Potash Corp of Saskatchewan Inc., the world's biggest fertilizer company, will slash its workforce by 18% as it struggles with slumping demand and weak prices for the crop nutrient.
The cuts will amount to more than 1,000 jobs in Canada, the United States and Trinidad, including about 570 positions in its potash operations, the company said on Tuesday.
"The need to become more globally competitive is what's behind all of these workforce reductions," chief executive Bill Doyle told Reuters in an interview.
"Our belief in the fundamentals of the business has not changed at all. This is simply an adjustment to the current and foreseeable market conditions."
Potash Corp has often acted as the swing producer in the global market, trimming production and putting workers on furlough when demand is weak. The severity of the permanent job cuts, especially in its core potash operations, indicates it is girding for a long-term slump in the potash market.
Potash Corp shares edged up 0.3% to $31.82 US in premarket trading in New York.
Doyle said Potash Corp will not cut its dividend, which was raised in May, and has no immediate plans to scale down a share buyback program. The company also intends to complete the 10-year, $8-billion expansion of its Canadian potash mines, slated to wrap up in the next year.
Potash Corp reported its weakest quarter in three years in October and cut its full-year earnings forecast more than expected.
Potash prices have been sliding since mid-summer, when the biggest global producer, Russia's Uralkali OAO, quit its export partnership with Belaruskali of Belarus and said it would seek to maximize sales volume.
Doyle said he had "no idea" when or if Uralkali and Belaruskali will return to a strategy targeting higher prices and reverse what he has called "the single dumbest thing" he has ever seen.
The turmoil in the usually tightly controlled potash industry, dominated by Uralkali and North America's Canpotex Ltd export group, has caused buyers to head for the sidelines to await further price reductions.
"While the (job cuts) announcement blames soft demand in developing markets, we believe the real culprit is the BPC (Uralkali-Belaruskali) break-up and the resulting price declines in both (phosphate and potash)," BGC analyst Mark Gulley said in a note to clients.
Potash demand was weak even before last summer's spat between Uralkali and Belaruskali; buying from key importers India and China has been particularly sluggish.
Typically, potash demand grows 3% annually, but it has been flat since 2007 due to the recession, Doyle said.

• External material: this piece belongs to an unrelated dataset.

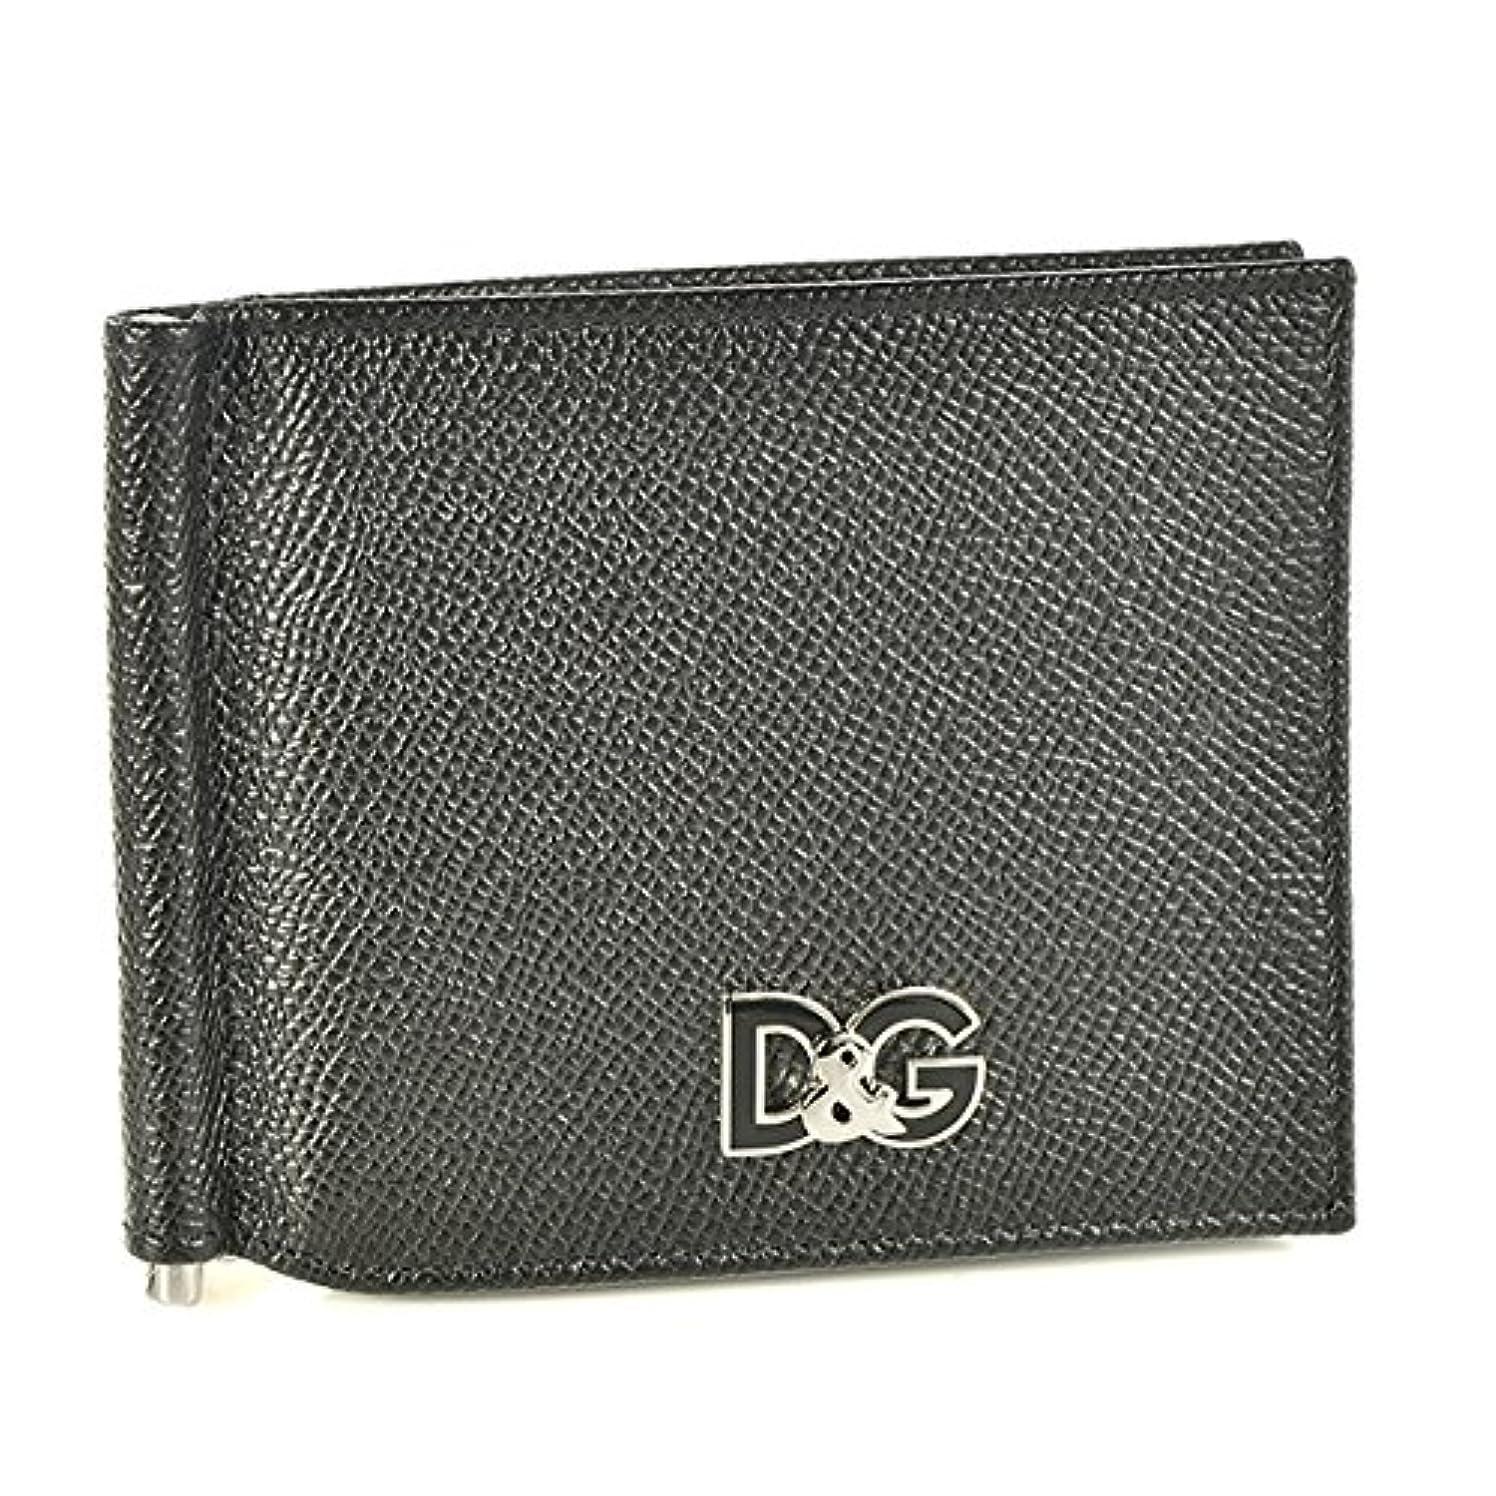 ドラム郡傷つけるDolce&Gabbana(ドルチェ&ガッバーナ) 財布 メンズ VITELLO 2つ折り財布 ブラック BP1920-AI945-80999 [並行輸入品]

He said Indian demand, influenced by government subsidies on fertilizer, is unlikely to improve much until after Indian elections this spring.
He said spot Chinese purchases should resume this month. A contract between Canpotex - the export arm of Potash Corp, Mosaic Co and Agrium Inc - and China's Sinofert Holdings Ltd will likely be reached by the end of January, he said.
Potash Corp said on Tuesday it would suspend production at one of its two mills in Lanigan by year-end and cut production at its Cory operations. Both operations are in Saskatchewan. It also plans to stop production at its Penobsquis facility in New Brunswick at the end of the 2014 first quarter.
Doyle said the company will still have the ability to supply buyers with more than 10 million tonnes of potash in 2014, combining production with its large stockpiles.
He could not predict how much potash the company will produce in 2014. But he said 2013 production is likely to amount to around 7.75 million tonnes, a little over half of the company's capacity, reflecting output curbs.
"We'll sell exactly what we were going to sell anyway," without the job cuts, Doyle said. "This doesn't affect in any way our ability to service our customers.
"We just had too much capacity versus what we were seeing needed in the foreseeable future."
North American potash stockpiles at the mine level reached 2.8 million tonnes in October, 39% above the average of the previous five years, according to data on Potash Corp's website.
Doyle said Potash Corp remains interested in raising its equity stakes in Israel Chemicals Ltd, Chilean potash and iodine producer SQM, Arab Potash Co and Sinofert. Despite the difficult conditions, it is not looking to sell those investments, he said.
The job cuts also extend to the company's phosphate and nitrogen operations.
It will close its Suwannee River chemical plant, one of two at its White Springs phosphate facility in Florida, in the second half of 2014.
Potash Corp said it expects potash cost savings of $15 to $20 per tonne in 2014 from the job cuts and operation closures, with a targeted reduction of $20 to $30 per tonne by 2016.
The company's potash sales fell to 1.5 million tonnes in the third quarter from 2.1 million tonnes a year earlier, while its average realized price dropped 28% to $307 per tonne.
The company will take a one-time charge of about $70 million related to the job cuts.